The Survivalist’s Odds ‘n Sods:

SurvivalBlog presents another edition of The Survivalist’s Odds ‘n Sods— a collection of news bits and pieces that are relevant to the modern survivalist and prepper from “JWR”. Our goal is to educate our readers, to help them to recognize emerging threats and to be better prepared for both disasters and negative societal trends. You can’t mitigate a risk if you haven’t first identified a risk. Today, we look at some upcoming Big Tech antitrust hearings.

DEA Agents Make Controversial Searches on Amtrak

Reader DSV sent this: Southwest Bust: DEA Agents Ambush Amtrak Passengers With Controversial Searches and Seizures. Here is a quote:

It’s legal for Perry to search people without probable cause, a warrant, or a dog because travelers supposedly realize that they have the right to decline to submit to his searches.

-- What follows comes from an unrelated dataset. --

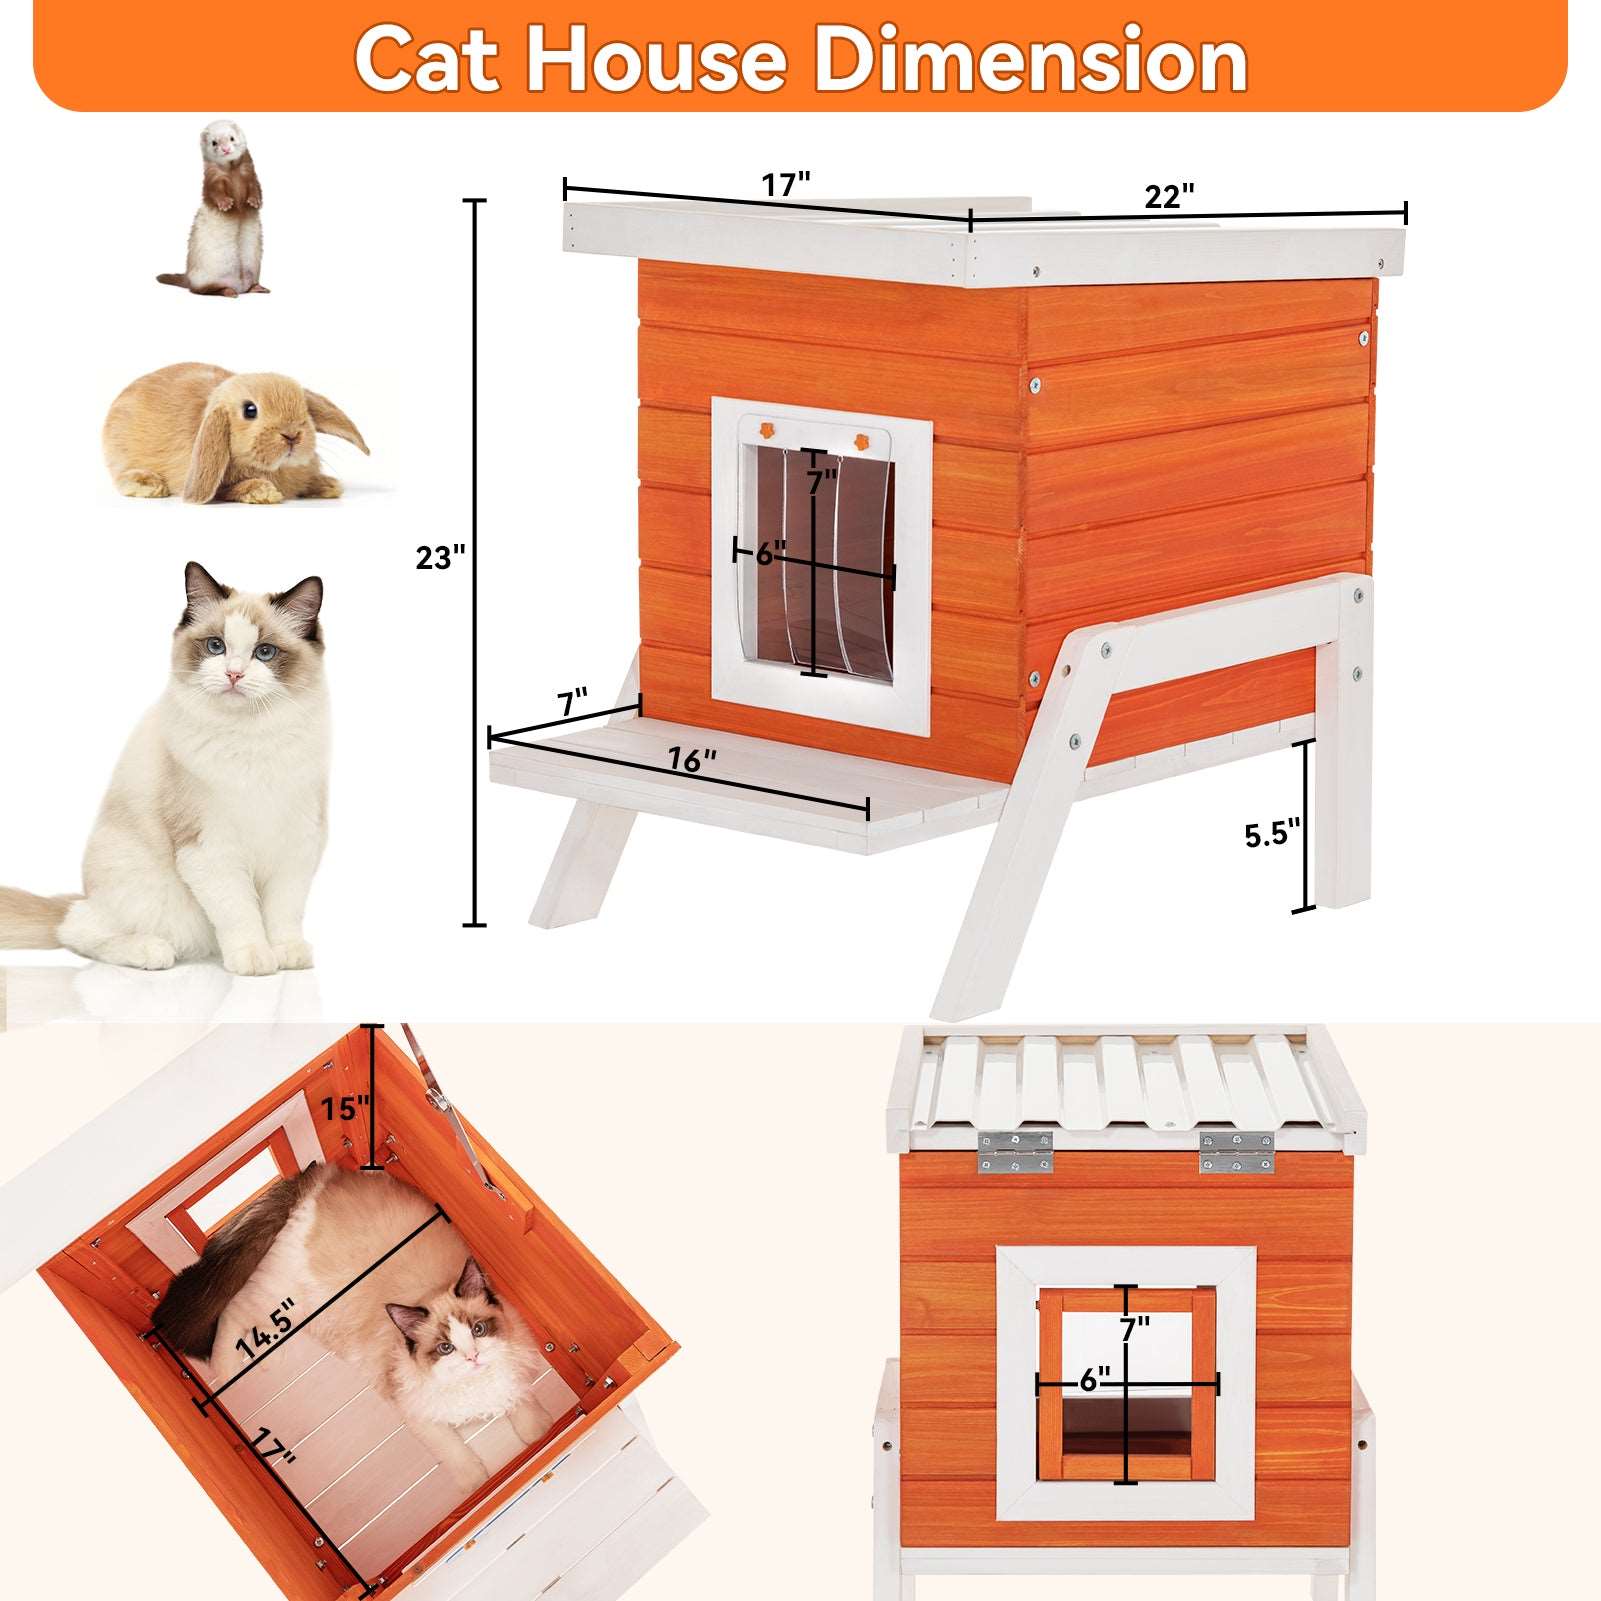 petsfit-cat-house-outdoor-insulated-high-feet-feeding-station-door-curtain-wood-outside-cat-house-bunny-rabbit-hutch-orange-02

Perry and others in his interdiction unit have testified that they receive manifests ahead of time listing the passengers who will be arriving in Albuquerque. The courts have ruled this is also legal — functioning like a helpful tip sheet on whom to question.

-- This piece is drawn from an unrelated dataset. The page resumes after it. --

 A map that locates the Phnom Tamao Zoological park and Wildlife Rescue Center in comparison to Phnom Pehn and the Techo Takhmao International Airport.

More problematically, Perry has been captured on surveillance footage boarding empty Greyhound buses and pulling bags out of the checked luggage bin. One clip captures him pressing on a bag so aggressively that he appears to be tackling it. But he stops short of opening the bag, which would be blatantly unconstitutional. Several people that Perry has seized cash from insist that they are not drug couriers and, in fact, were never criminally charged as such, though that didn’t help them get their money back.”

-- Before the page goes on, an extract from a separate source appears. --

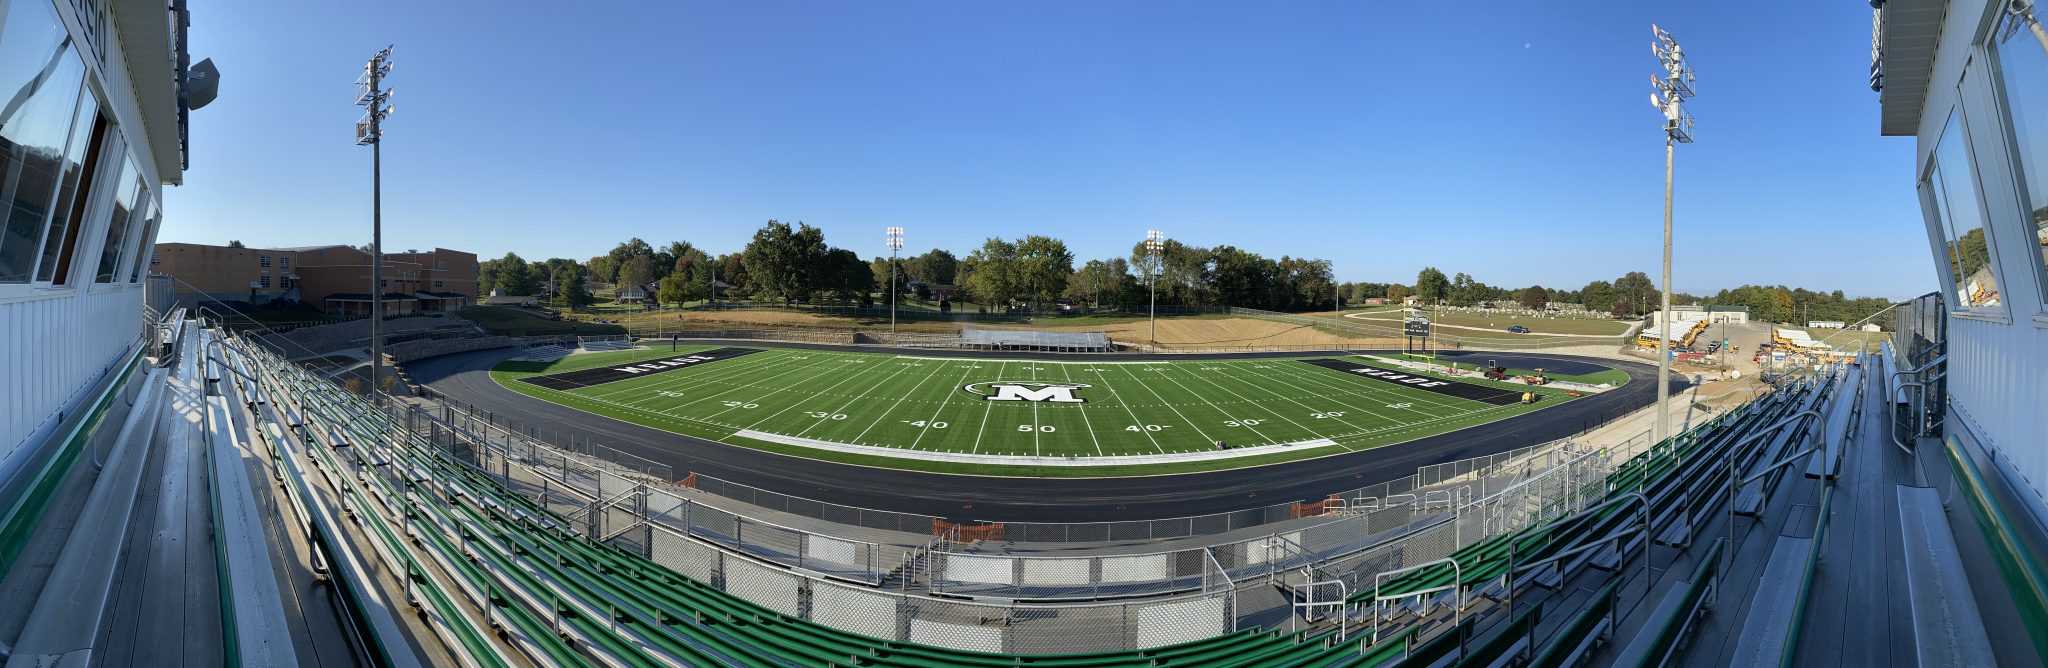 Meade County High School Athletic Complex Renovation Sherman Carter

JWR’s Comments: The correct response is:  “No thank you. I’m sure that that you recognize that you lack probable cause. I do not consent to any search, and I refuse to answer any questions. Have a nice day.”  Then start reading a book or magazine and ignore the officer as if he is mute and invisible, even if he persists.

Diet Soft Drinks are Truly Bad for You

Just two diet fizzy drinks a day ‘increases your risk of deadly heart attack or stroke by 50%’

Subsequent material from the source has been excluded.